The following points are made by Michael F. Land (Current Biology 2005 15:R319):

1) The ability to respond to light is common to many forms of life, but eyes themselves -- structures that break up environmental light according to its direction of origin -- are only found in animals. At its simplest, an eye might consist of a small number of light-responsive receptors in a pigmented pit, which shadows some receptors from light in one direction, and others from a different direction. This definition distinguishes an eye from an organ with a single photoreceptor cell, which may indeed be directional because of screening pigment, but which does not allow for spatial vision -- the simultaneous comparison of light intensities in different directions [1]. An alternative starting point for an eye would be for each receptor to have its own pigmented tube, the assemblage forming a convex cushion. In these two proto-eye structures we have the beginnings of the two mutually exclusive ways of building an eye: the single-chambered range of eyes, often misleadingly called "simple", and the compound eyes.

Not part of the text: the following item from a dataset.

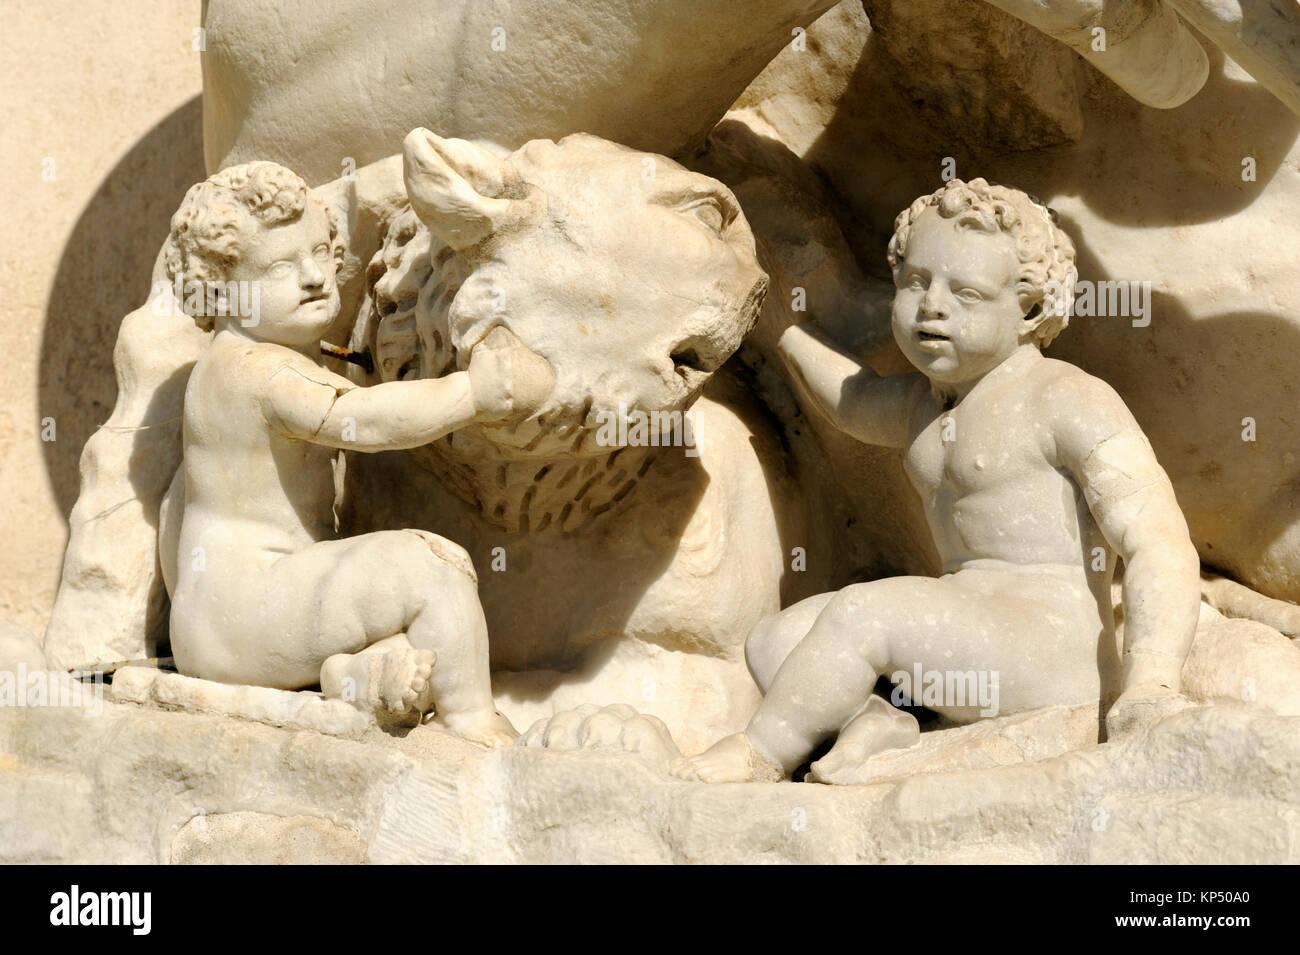 italy, rome, campidoglio, roman statue of the tiber river, romulus and remus - Stock Image

2) Although no eyes survive in fossils from the Precambrian (more than 550 million years ago) it seems certain that eyes like these were present from early in the evolution of the Bilateria [2], long before the Cambrian explosion. Simple pit eyes are still present in flatworms, annelid worms, and molluscs, and in many larval eyes. Proto-compound eyes occur in ark clams and some tube-dwelling polychaetes, where they act as detectors of moving predators. Genetic, developmental, and morphological evidence indicates that from the earliest times eyes had access to two different photoreceptor types: ciliary receptors, in which the photosensitive pigment is displayed on outgrowths of cilia, and rhabdomeric receptors, in which the expanded pigment-containing membrane consists of microvilli. The two receptor types use different transducer cascades, and their opsins -- the protein component of the photopigments -- are also different. Ciliary receptors are typical of deuterostomes (echinoderms and chordates) and rhabdomeric receptors of the protostomes (annelids, molluscs and arthropods), but both types can be found in both lineages. The development of cerebral eyes in both of these lineages has been associated with the Pax-6 control gene, evidently from early in bilaterian evolution.

3) In the Cambrian period, carnivory became important as a way of life and both predators and prey needed better vision. During the hundred million years from about 550 millions years ago, compound and then single-chambered eyes increased greatly in size, in their ability to resolve, and in optical sophistication. One way to improve the performance of a single-chambered proto-eye is to make the eye bigger and the aperture smaller, so that it becomes a genuine pinhole eye. This is a far from ideal solution, because the small aperture lets in little light, and so makes for a very insensitive eye, and increasing the aperture diameter drastically reduces the ability of the eye to resolve. For reasons that remain obscure, this design has been retained in the quite large (1 cm) eyes of the cephalopod Nautilus, even though its relatives (octopus and squid) have eyes with excellent lenses. Giant clams also have small pinhole eyes around their mantles, which do allow them to detect the presence of browsing fish.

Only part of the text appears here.